The present invention relates to a magnetic resonance imaging method for obtaining slice images using NMR (nuclear magnetic resonance), ESR (electron spin resonance) and the like.
The present invention relates, more particularly, to an improvement for restraining artifacts due to moving parts in a sample, e.g., a patient.
The present invention also relates to reduction of artifacts due to body movement of the sample.
The present invention also relates to a magnetic resonance imaging method for imaging the movement such as flow velocity and flow rate.
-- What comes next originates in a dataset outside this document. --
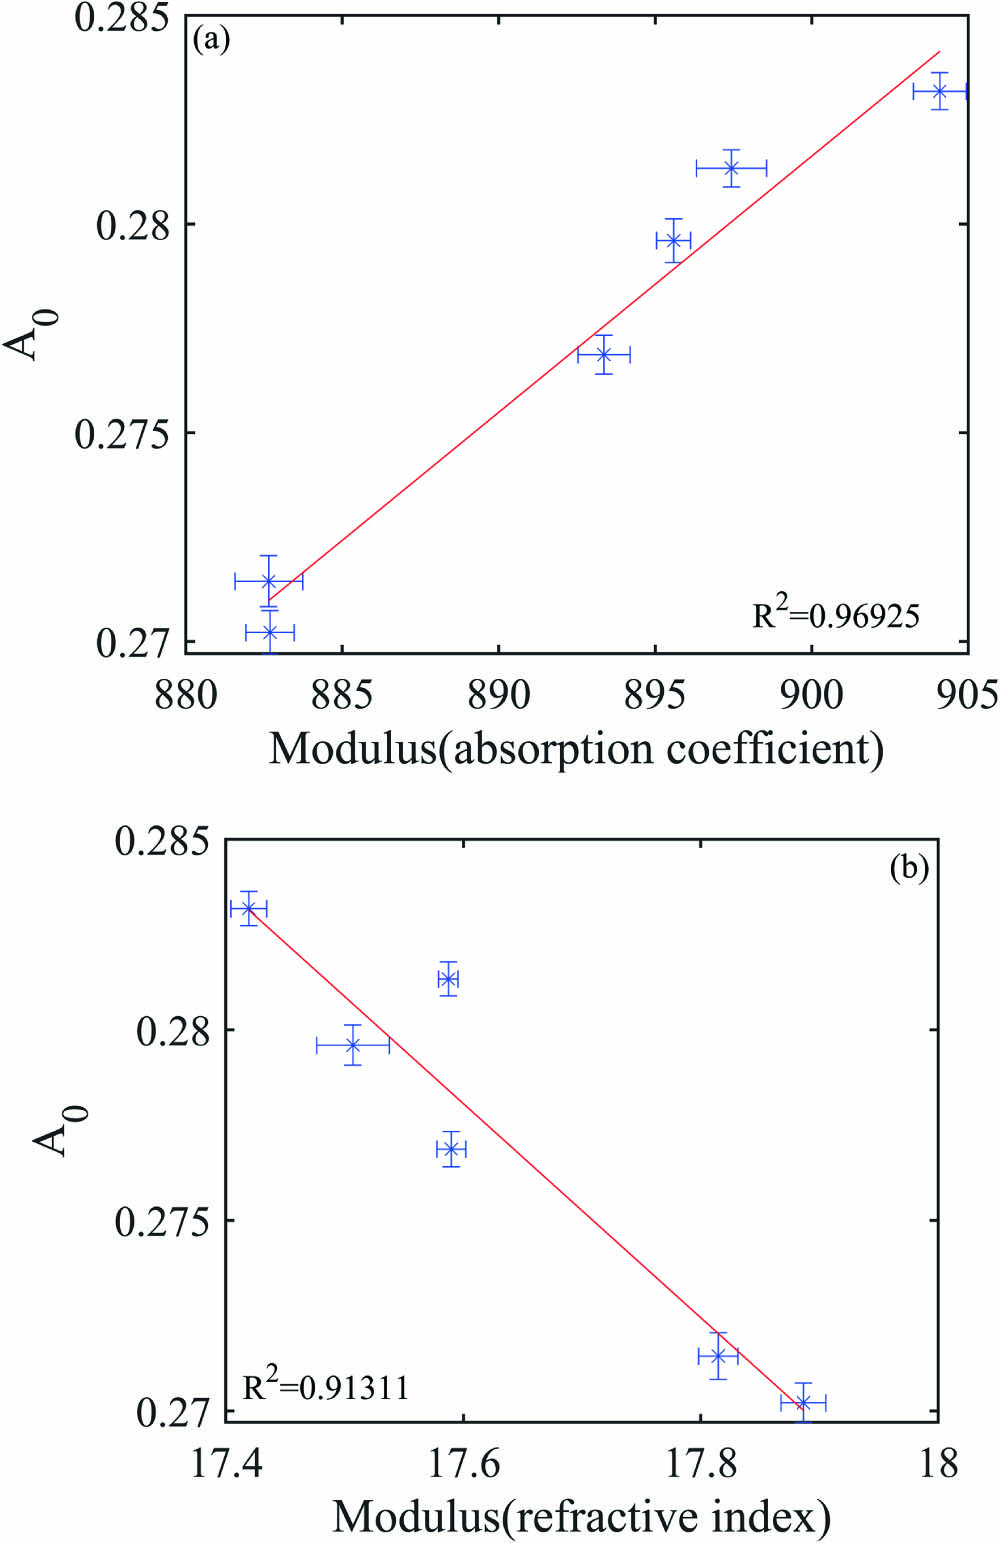 Linear fitting between A0 and modulus of the (a) absorption coefficient and (b) refractive index.
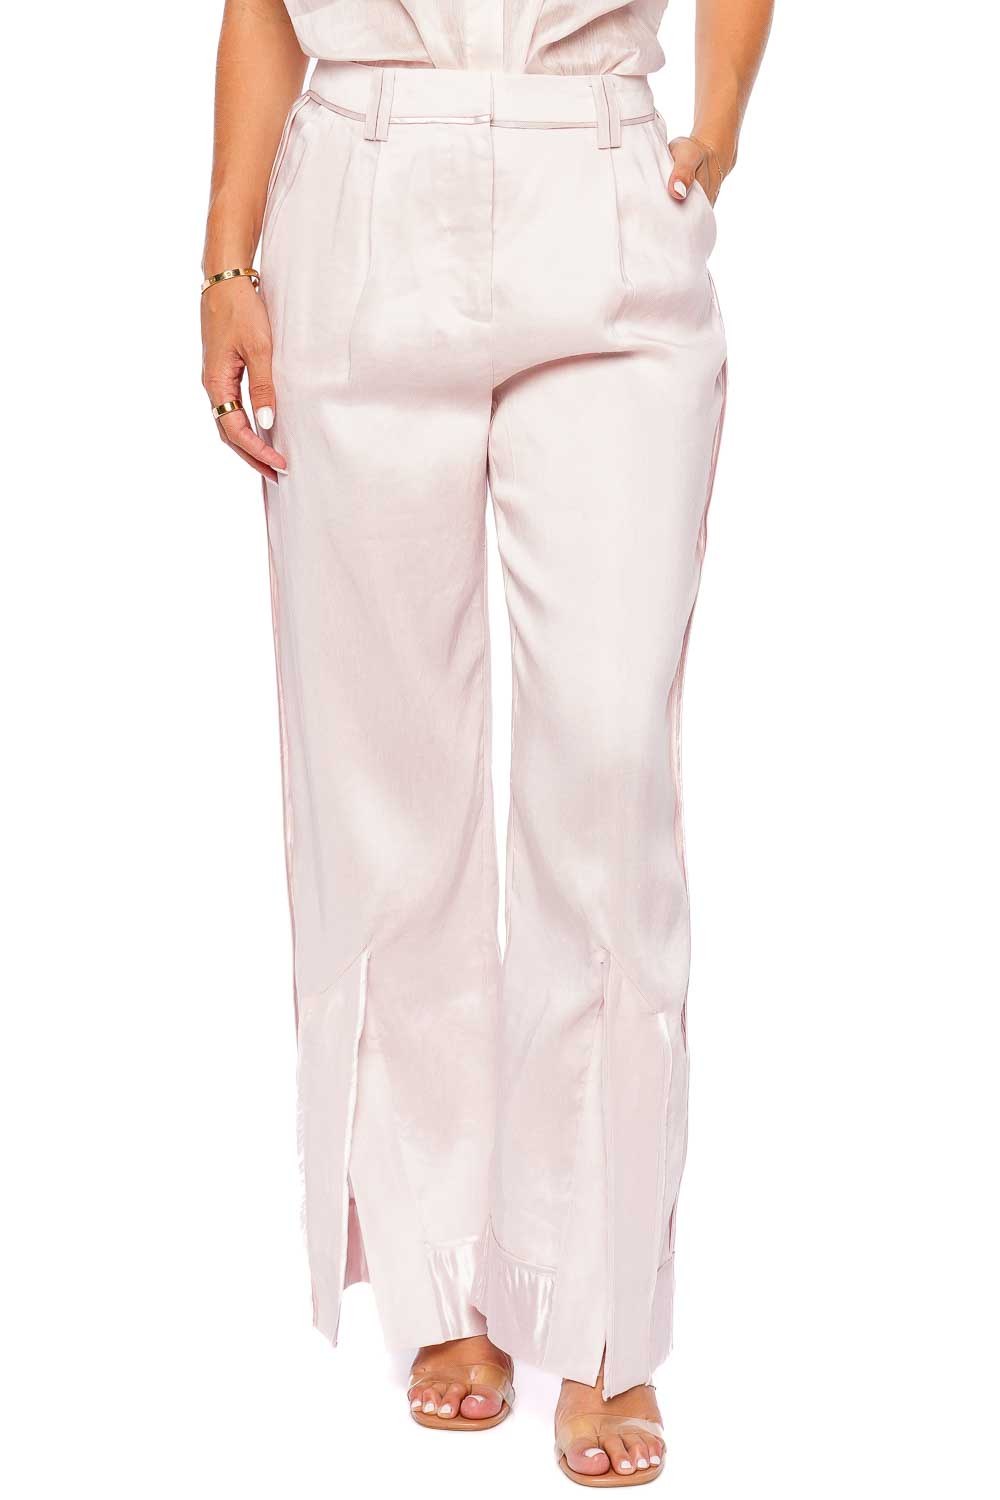 Aje. Insight Deconstructed Pant 24RE3097 SOFT PINK

FIG. 1 is a block diagram showing a typical magnetic resonance (MR) imaging system. As illustrated, it comprises a static magnetic field generator 2 for applying a static magnetic field in the Z-axis to a sample 1, such as a patient to be examined, and a diagnosis table 3 for moving the sample into the static magnetic field generator 2.
The imaging system further comprises an RF (radio frequency) coil 4 for applying an RF energy such as an RF magnetic pulse to the sample 1 and receiving an MR signal from the sample 1, a matching device 5 which converts the impedance of the RF coil 4, a transmit/receive switch 6 connected to the matching device 5, a transmitter 7 for applying an RF energy to the sample 1 through the transmit/receive switch 6 and the RF coil 4, and a receiver 8 for receiving the MR signal from the sample 1 through the RF coil 4 and the transmit-receive switch 6.
The imaging system further comprises an X-axis gradient magnetic-field coil 9 for applying a magnetic field pulse inclined in the direction of the X-axis, an X-axis gradient magnetic-field power supply 10 for energizing the X-axis gradient magnetic-field coil 9, a Y-axis gradient magnetic-field coil 11 for applying a magnetic field pulse inclined in the direction of the Y-axis, a Y-axis gradient magnetic-field power supply 12 for energizing the Y-axis gradient magnetic-field coil 11, a Z-axis gradient magnetic-field coil 13 for applying a magnetic field pulse inclined in the direction of the Z-axis, and a Z-axis gradient magnetic-field power supply 14 for energizing the Z-axis gradient magnetic-field coil 13.
A sequence controller 15 is provided for controlling the transmitter 7, the receiver 8 and the gradient magnetic field power supplies 10, 12 and 14 with a predetermined sequence, and controlling various operations of the entire system, such as irradiation of the RF pulses, reception of the MR signals, generation of the gradient magnetic fields Gs, Gr and Ge, and operation of the diagnosis table 3.
A computer 16 is connected to the the receiver 8 and the sequence controller 15 and generates control data for generation of the image construction, and performs processing of the MR signals from the receiver 8 and processing for the image construction by means of, for example, two-dimensional Fourier transformation.
A console panel 17 serves as an input/output terminal for manually inputting, into the computer 16, commands and data including parameters necessary for the image construction.
An image display unit 18 is connected to the console panel 17 for displaying the generated slice images and other data.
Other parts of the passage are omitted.